The long arm of the law caught up with the presiding judge of Guihulngan City, Negros Oriental who, even after he had retired, was sanctioned by the Supreme Court for gross inefficiency and gross ignorance of the law due to his failure to promptly decide cases.
In a per curiam resolution promulgated last September 1, the High Court forfeited the retirement benefits, except accrued leave credits, of Judge Mario O. Trinidad as penalty for his offenses. He was also perpetually barred from re-employment in any public office. The Court can longer impose the extreme penalty of dismissal from service as Trinidad has compulsory retired last January 19.
The Court reminded all judges that the Court has adopted rules, circulars, and guidelines for them to follow in order to expedite the resolution of cases and such are intended to render fair, just and swift justice to give meaning to the very purpose of the Court’s existence as dispenser of justice. Hence, even with a judge’s retirement, it will not stop the Court from imposing the proper penalty to those found to be in discord with the Court’s policies.
The judicial audit team from the Office of the Court Administrator (OCA) conducted a spot audit of the cases in Guihulngan City RTC, Branch 64, presided by Judge Trinidad and found, among others, that two of the five decided civil cases were already overdue as of the judicial audit in August 2019, and that 46 of the 49 cases submitted/deemed submitted for resolution have remained pending and unresolved beyond the reglementary period.
The Court gave weight on the findings of OCA which pointed out that Judge Trinidad failed to give any justifiable reason for the delay. It held that the facts are undisputed based on court records and that the irregularities speak for themselves and require no in-depth discussion.
The Court held that the Constitution expressly provides that all lower courts should decide or resolve cases or matters within three months from date of submission. It further held that Section 5, Canon 6 of the New Code of Judicial Conduct and Administrative Circular No. 13-87 similarly provide that judges should promptly dispose of the cases.

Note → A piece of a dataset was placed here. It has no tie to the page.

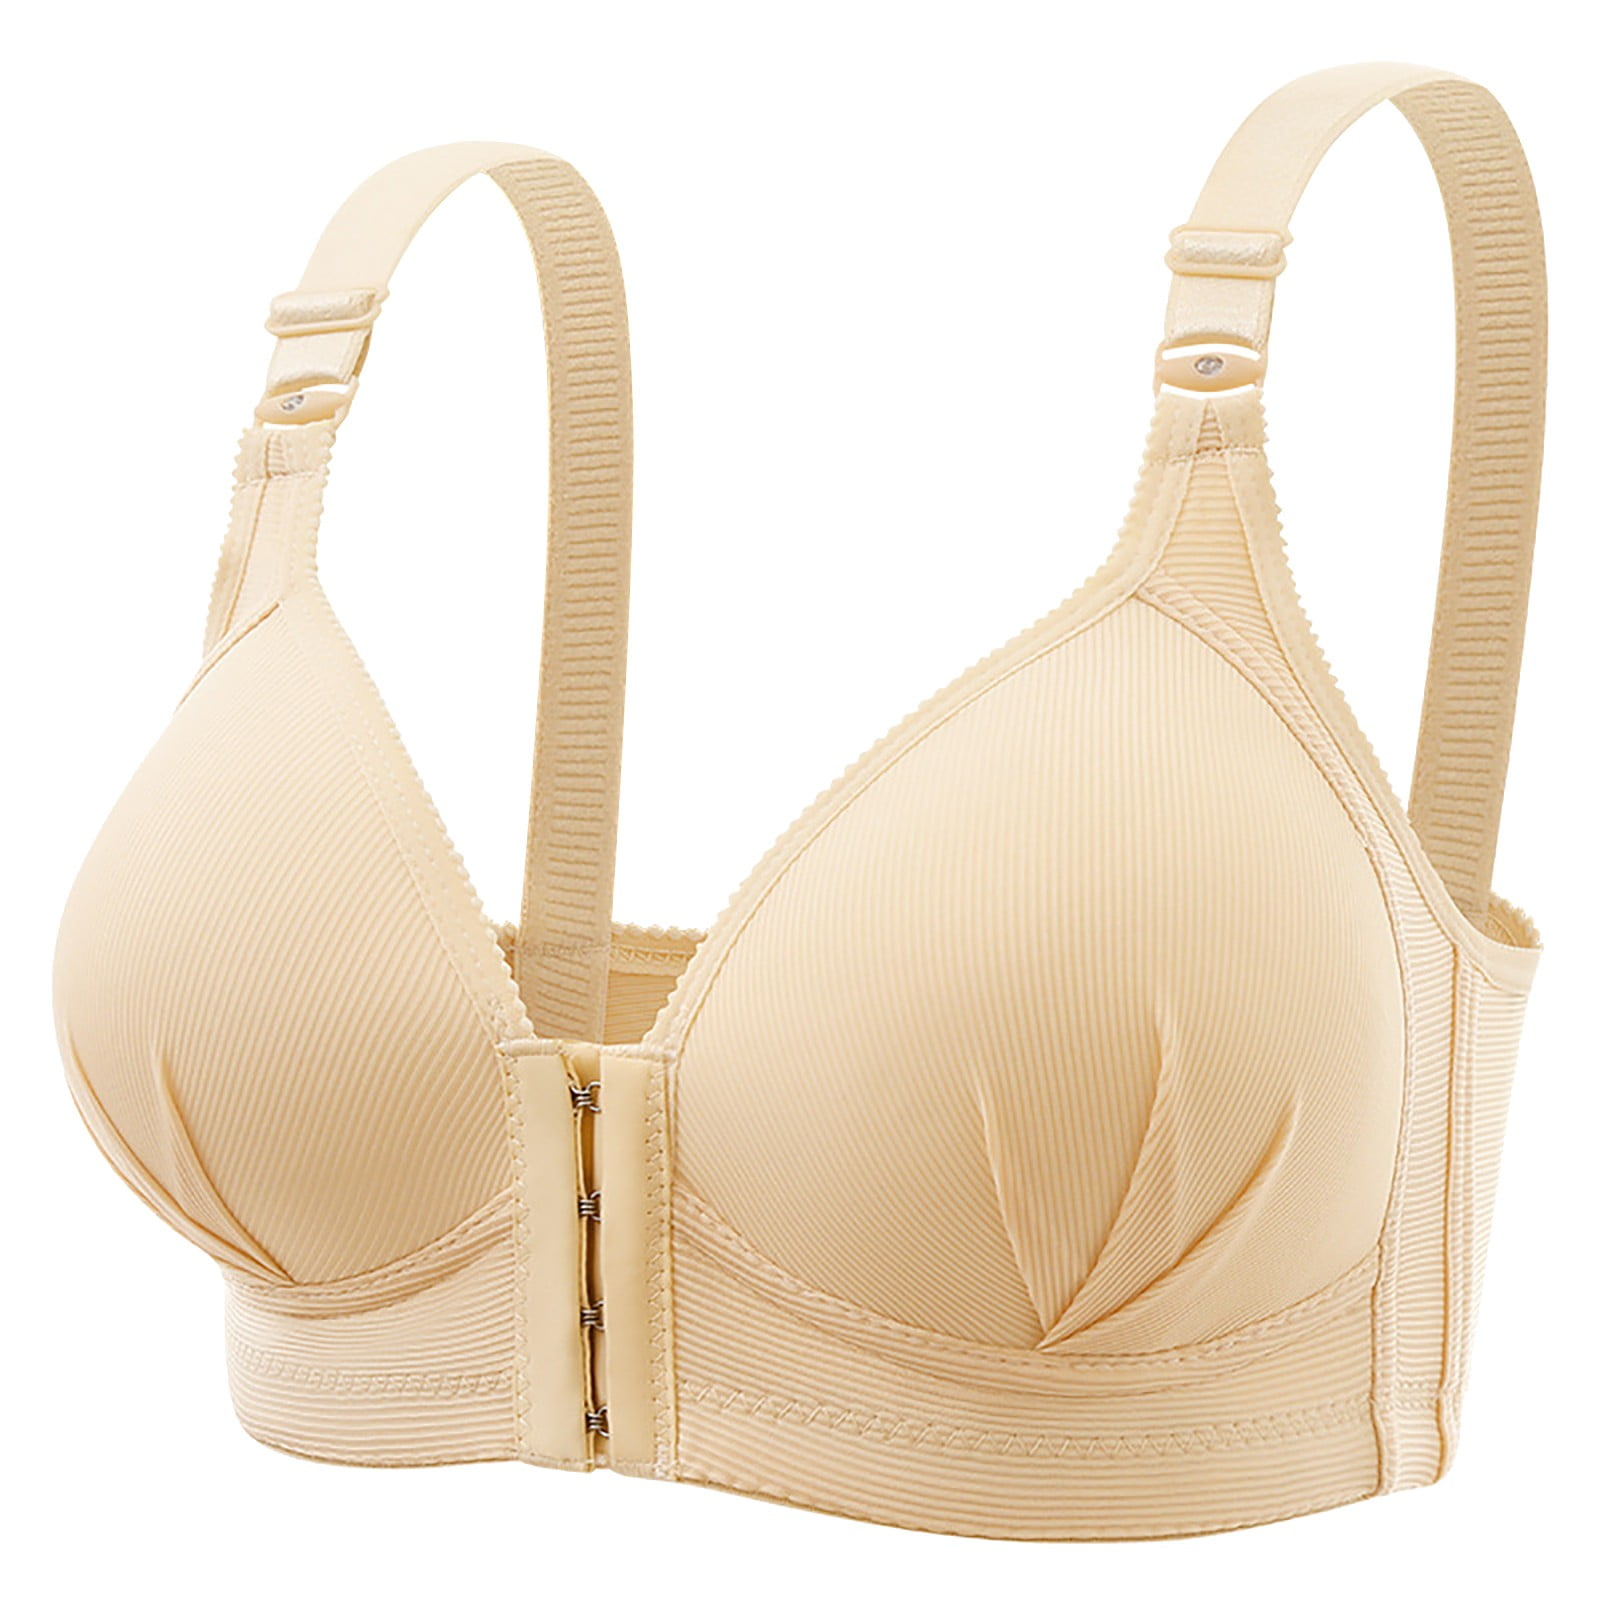 Aayomet Push Up Bras for Women Women Full Cup Thin Underwear Plus Size  Wireless Sports Bra Lace Bra Cover Cup Large Size,Khaki XL

The Court said that delay in the disposition of cases is a major culprit in the erosion of public faith and confidence in the judicial system. It further said that Judge Trinidad’s explanations cannot exculpate him from his administrative liability because the inordinate delay was not just in terms of days or months but in years.
On the ground of gross ignorance of the law, the Court found that Judge Trinidad violated issuances by OCA. Among others, he issued an order archiving a criminal case for the reason that the accused had jumped bail. Under OCA Circular No. 89-2004, a case may only be archived if the accused jumped bail before arraignment and the person cannot be arrested by the bondsman. In the said case, the accused was already arraigned prior to jumping bail, hence, the judge should have conducted trial in absentia, in accordance with Section 14(2), Article III of the 1987 Constitution.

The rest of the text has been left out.